Octopus Senses Light With Its Skin, No Eyes Required

Octopus Senses Light With Its Skin, No Eyes Required

We already knew cephalopods are amazing creatures — how many of us can go from coloured to invisible in a blink? Hell, octopuses can even operate cameras. Still, sensing light with one’s skin is a pretty impressive trick, even for the rock stars of the invertebrate world.

And yet, as we’re now discovering, the octopus can do just that. In effect, these animals seem to have evolved a body-wide eye.

That’s the extraordinary conclusion of a study published this week in the Journal of Experimental Biology, which shows that the California two-spot octopus (Octopus bimaculoides) senses light with its skin directly, no input from the central nervous system needed. The skin gets its light-sensing ability from opsins, the same family of proteins found in the retinas of many animals. Embedded in the skin of the two-spot octopus, opsins seem to work in concert with pigmented structures called chromatophores, which the octopus can stretch or contract to alter its colour.

Octopus Senses Light With Its Skin, No Eyes Required
Chromatophores in their contracted state (left) and at maximum expansion (right). Image: UCSB

“Octopus skin doesn’t sense light in the same amount of detail as the animal does when it uses its eyes and brain,” said lead study author Desmond Ramirez of UC Santa Barbara. “But it can sense an increase or change in light. Its skin is not detecting contrast and edge but rather brightness.”

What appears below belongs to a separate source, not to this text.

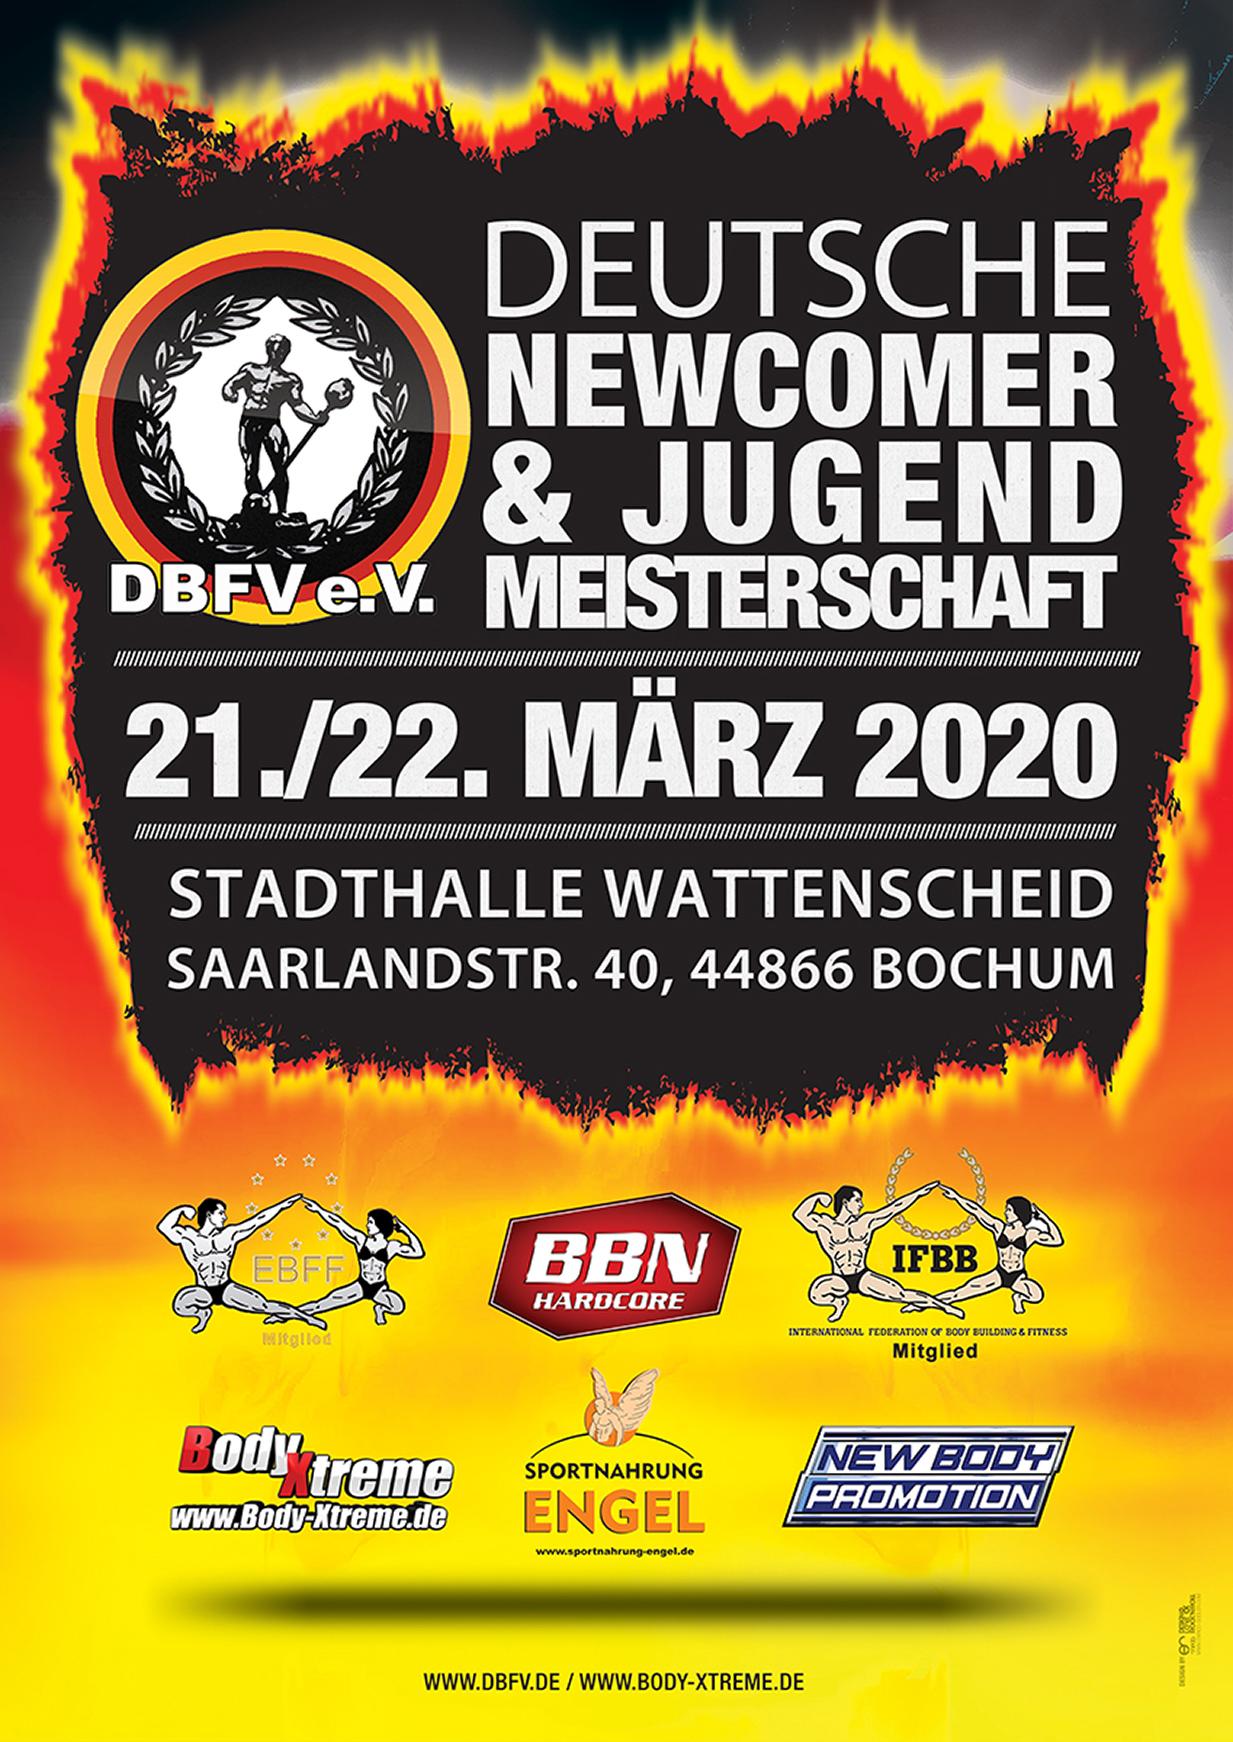 DEUTSCHE NEWCOMER- UND JUGEND- MEISTERSCHAFT 2020

A press release describes the study’s experiments:

As part of the experiment, Ramirez shone white light on the tissue, which caused the chromatophores to expand and change colour. When the light was turned off, the chromatophores relaxed and the skin returned to its original hue. This process, Ramirez noted, suggests that light sensors are connected to the chromatophores and that this enables a response without input from the brain or eyes. He and his co-author, Todd Oakley, an EEMB professor, dubbed the process Light-Activated Chromatophore Expansion (LACE).

In order to record the skin’s sensitivity across the spectrum, Ramirez exposed octopus skin to different wavelengths of light from violet to orange and found that chromatophore response time was quickest under blue light. Molecular experiments to determine which proteins were expressed in the skin followed. Ramirez found rhodopsin — usually produced in the eye — in the sensory neurons on the tissue’s surface.

There’s no magic to the octopus’s light-sensing skin — just evolution. It’s well known that octopuses can masterfully change their colour based on light conditions, with certain species becoming transparent in the sunlight and darkening at night. Having light sensors embedded directly in its skin may help the octopus camouflage itself just a hair faster — and that rapid reflex could be the difference between living another day and becoming shark lunch.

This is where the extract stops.